Swap wouldn’t be placed on the SSD as if you were frequently using the swap space you would be putting additional wear onto the SSD.
/var contains log files from the syslog daemon. Frequently wrting small amounts of log data increases SSD wear. /tmp in much the same way has small temporary data that increases wear. /home is occasionaly placed on the SSD depending on the space required by the user. The HDD would be used for music, photos, large files and other user generated data.
Why should I think about SSD writes?¶
SSD writes are not in anything to worry about, they are however something to understand.
The flash memory that is used for data storage only has a limited number of program(write)/erase cycles over its lifetime. This can be in the region of 50,000 to 100,00 cycles or lower in the 3,000 to 5,000 range. You would think that as time goes by the number of cycles the flash can sustain would be going up. You would be wrong.
The number of cycles the flash can sustain is partially based on the scale of manufacturing process used to make the flash. Over time the flash memory being manufactured has been getting physically smaller and smaller, with its write endurance decreasing. The advantage is that with smaller individual bits you can pack more of them onto a chip and fit more of them into a drive. This is why 1TB+ drives are starting to become affordable.
With only a finite number of writes how do we stop the SSD wearing out?¶
If the SSD is spreading the write cycles out, why consider them?¶
The SSD is only managing an even distribution of write cycles over its flash memory. What is isn’t doing is trying to reduce the number of write cycles. We previously mentioned storing log files and changing data to the drive increases the number of write cycles. But there is another effect to consider for these writes something called ‘Write Amplification’.
Write Amplification = data written to flash memory / data written by host
A write amplification factor is based upon how much data actually gets written to the flash memory when we try to write some data to it. A write amplification value of 1 would mean that if the host sent 1MB of data to the SSD then 1MB worth of data would be written. A write amplification of 2 would mean that if the host sent the same 1MB of data to the SSD then 2MB of data would be written. So what we really want to have is a write amplification factor that is as low as possible.
The Wikipedia article outlines a number of factors affecting write amplification. There are a few we will consider a little later.
Garbage CollectionOver-ProvisioningFree User SpaceTRIMPartition Alignment
The overall aim is to reduce the write amplification affect to as low a figure as possible so that when we do write data we don’t end up making significantly more writes to the flash memory than we absolutely need to store our data.

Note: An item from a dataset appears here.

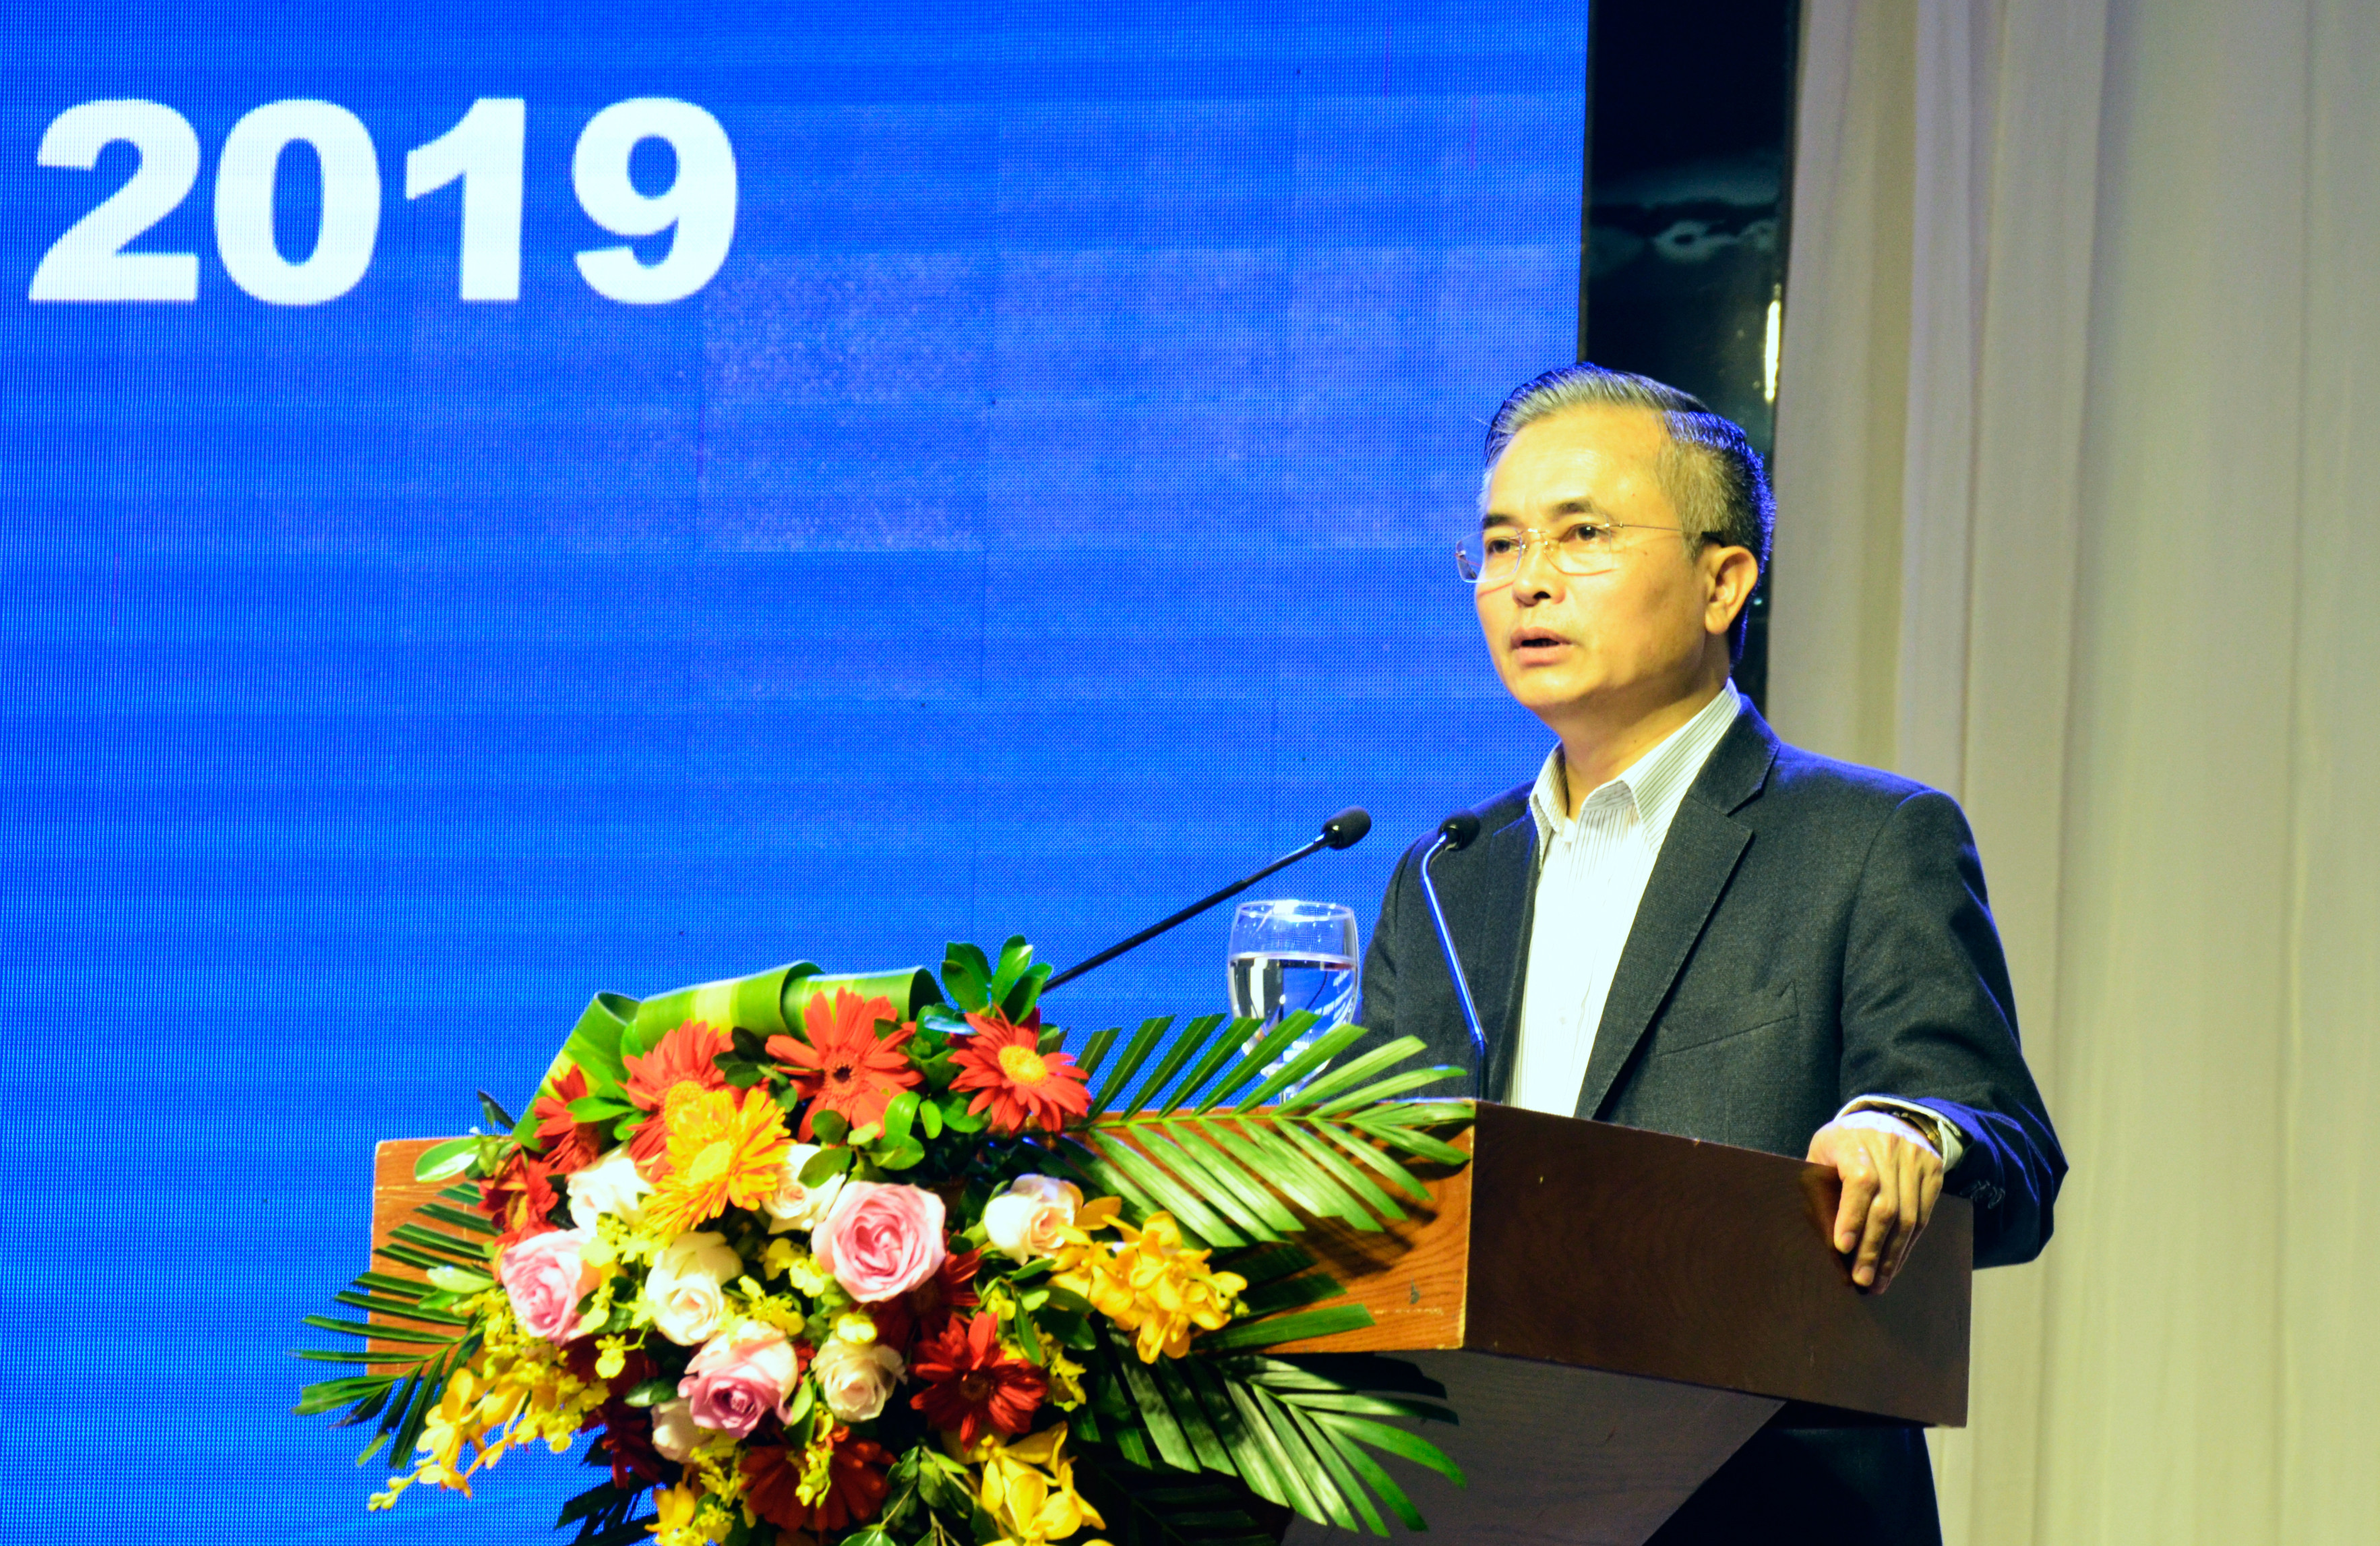 Phó Chủ tịch UBND tỉnh Lê Ngọc Hoa phát biểu tại hội nghị. Ảnh: Thanh Lê

What is Garbage Collection?¶
Simply put it is a process by which units of flash memory (pages) that have had data written to them which is no longer needed (e.g. from a deleted file) are reclaimed (erased) and made ready for storing data again.
The pages of flash memory are organised in blocks. The act of reclaiming some of the pages in a block of flash memory causes the good pages to get copied(written) to a new block (with free pages), whilst the origin block is completely erased ready for new data. The Wikipedia Write Amplification article has a nice graphic of this.
Garbage collection can be done internally by the SSD and can be triggered at file system level. Garbage collection is important in that it prevents unwanted/deleted data from being repeatedly copied over time as blocks are rewritten increasing the affect of write amplification.
What is TRIM?¶
TRIM is a SATA command which allows the operating system to tell the SSD which blocks of stored data are no longer needed which it otherwise wouldn’t know about. By telling the SSD which blocks contain invalid/deleted data it can erase them through its garbage collection process and make then ready for writing again. By having the blocks ready for new writes it allows the drive to write faster as it doesn’t have to go through the erase cycle before writing.
TRIM hasn’t always been supported by SSD’s but most of the models on the market today will have support for it. It is still worth checking.
Over-Provisioning & Free User Space¶
On a drive with limited space the only space used for new writes is that which is not occupied by valid data. The TRIM command would be used to tell the drive to garbage collect and keep this space available. But a drive operates better when it has more space to work with.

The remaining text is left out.